他“嗷”地一声叫了出来。“我错了!我不退了!我爱学习!学习使我快乐!
”我满意地收回脚,拍了拍手上的灰,“早这么说不就完了,非得逼我动手。
”我以为这件事就这么过去了。毕竟,江澈的脑子虽然不太好使,但记打。谁知道,
第二天一早,我就被一阵夺命连环call吵醒。是江澈的妈妈,我的干妈,王阿姨。
电话一接通,就是她气急败坏的声音:“稣稣啊!你快来!江澈那个小兔崽子反了天了!
”我心里一个咯噔,不祥的预感涌上心头。等我睡眼惺忪地赶到江家,
一进门就看到王阿姨拿着鸡毛掸子追着江澈满屋子跑,江叔叔坐在一旁,捂着心脏,
脸色铁青。江澈顶着两个黑眼圈,脖子上还挂着我昨天给他勒出的红印子,
一边躲一边喊:“爸!妈!你们不懂!这是艺术!是追求!你们的思想太陈腐了!
”王阿姨气得声音都劈了叉:“我陈腐?我辛辛苦苦供你上大学,你跟我说你要去当戏子?
我打死你这个不孝子!”江澈看到我,像是看到了救星,连滚带爬地躲到我身后。
“稣稣救我!他们要谋杀亲儿子!”王阿姨停下脚步,把鸡毛掸子往地上一扔,
一**坐在沙发上,开始抹眼泪。“我这是造了什么孽啊……辛辛苦苦养大的儿子,
书不好好读,要去混什么娱乐圈……那地方是好人待的吗?稣稣,你给阿姨评评理!
”江叔叔也叹了口气,指着江澈,手都在抖,“我们已经给他办了休学手续了。

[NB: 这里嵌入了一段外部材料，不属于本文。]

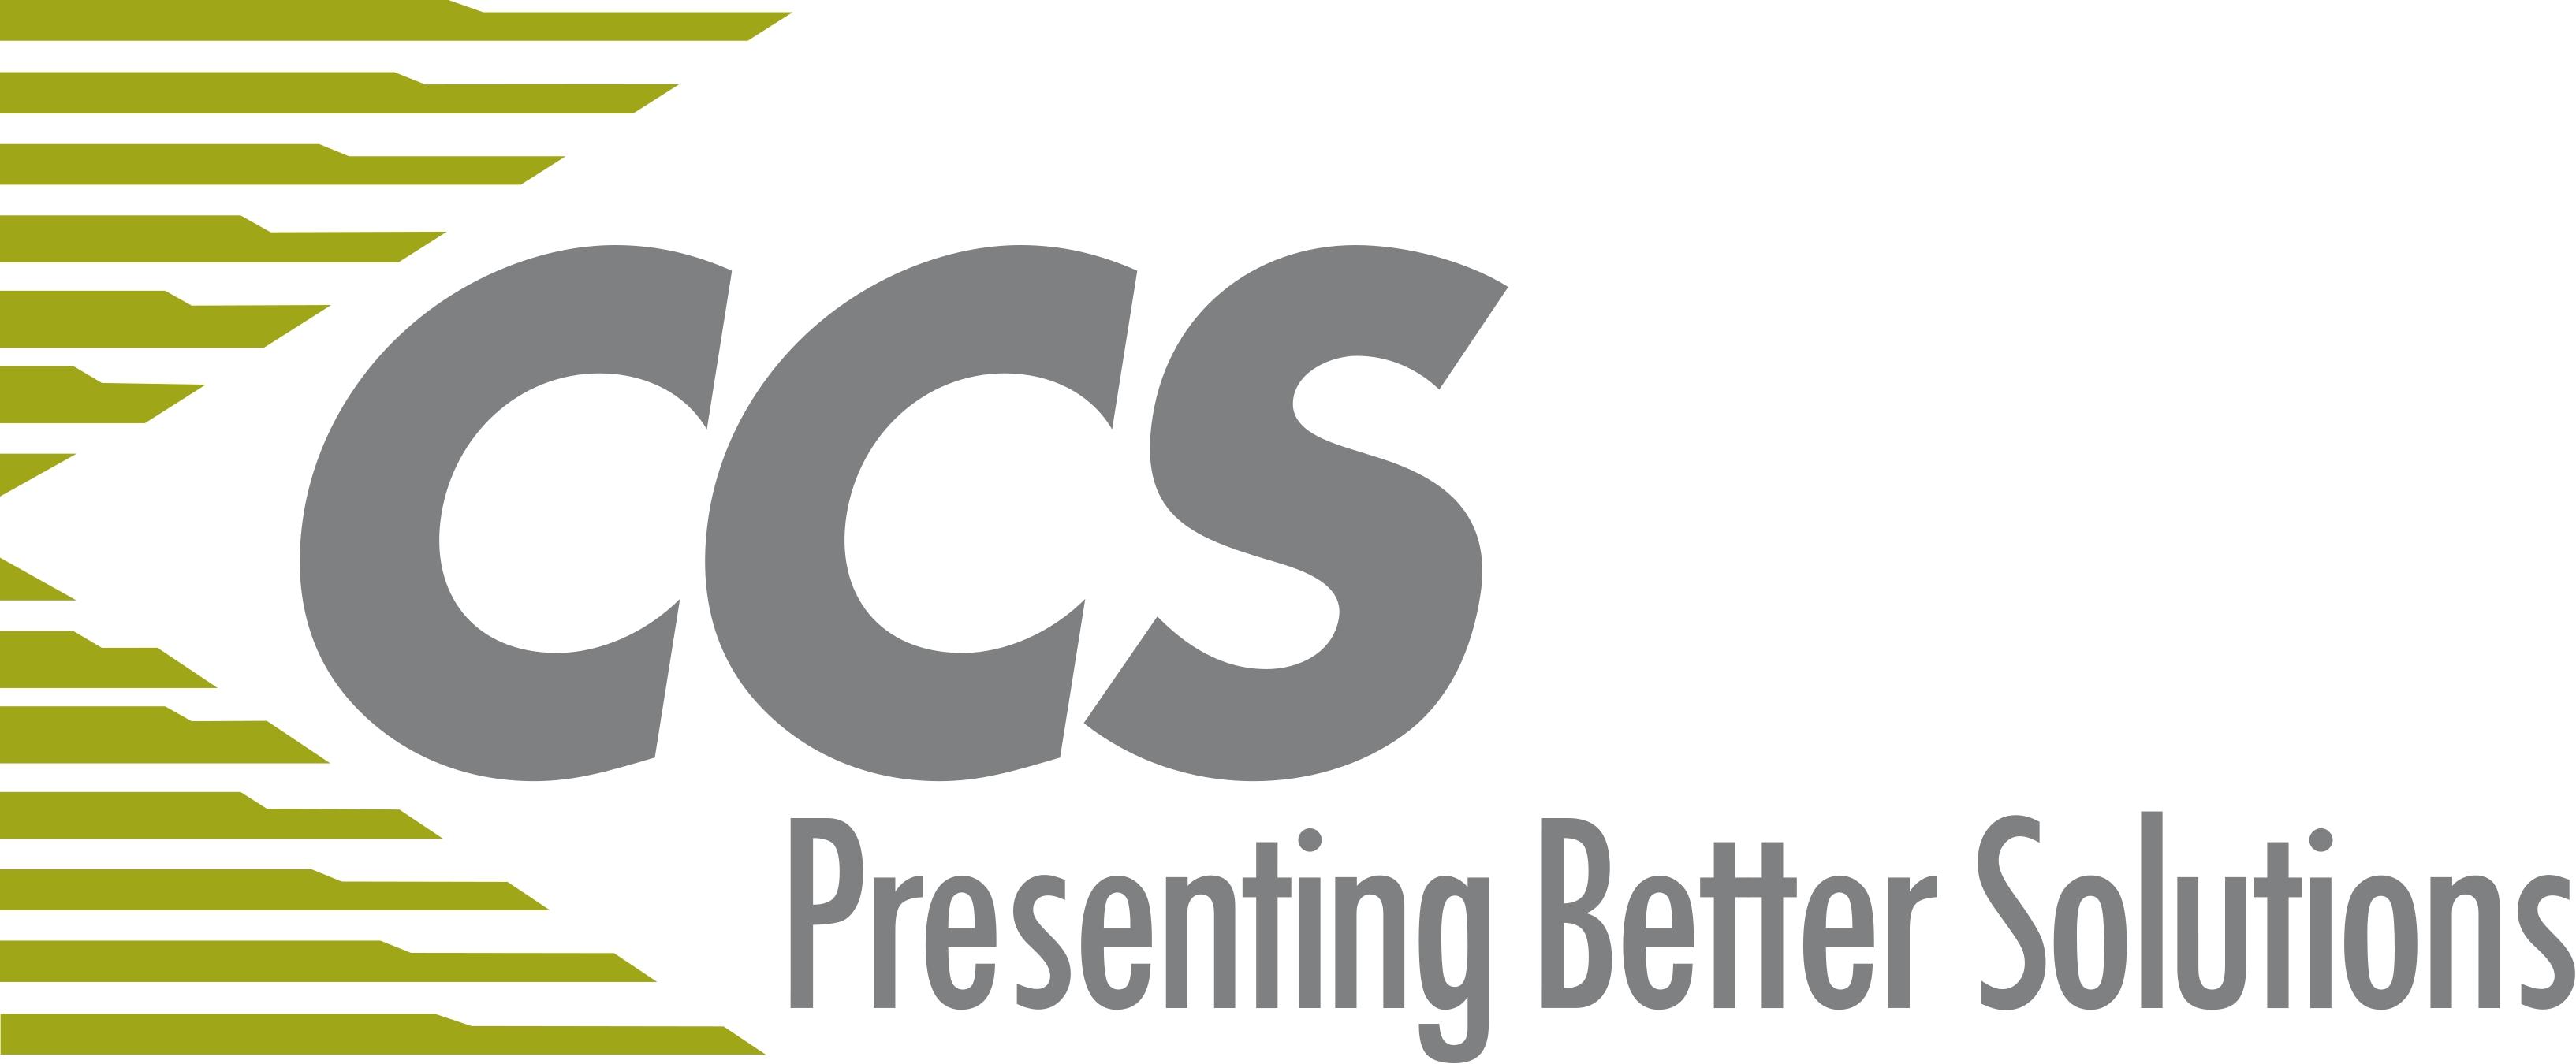 ccs-logo-20102-1

他要去,
就让他去!我江家的脸,都被他丢尽了!”什么?休学手续都办了?
我震惊地看向躲在我身后的江澈。他从我身后探出个脑袋,一脸倔强,“哼,
你们迟早会为今天的短视而后悔!等我成了大明星,你们求我我都不回来!
”江叔叔气得直接站了起来,“滚!你现在就给我滚!我没你这个儿子!从今天起,
你的学费、生活费,我一分钱都不会再给你!”说完,他直接从钱包里掏出所有的银行卡,
“啪”地一声摔在桌上,然后转身进了书房,门摔得震天响。客厅里一片死寂。
江澈梗着脖子,眼睛红了一圈,但还是嘴硬:“不给就不给!**自己也能活!
”他抓起沙发上的背包,转身就要走。王阿姨“哇”的一声哭了出来,扑过来抱住我的胳膊,
“稣稣啊,阿姨求求你了,你帮阿姨看着他点吧!他从小就听你的话,你别让他走了歪路啊!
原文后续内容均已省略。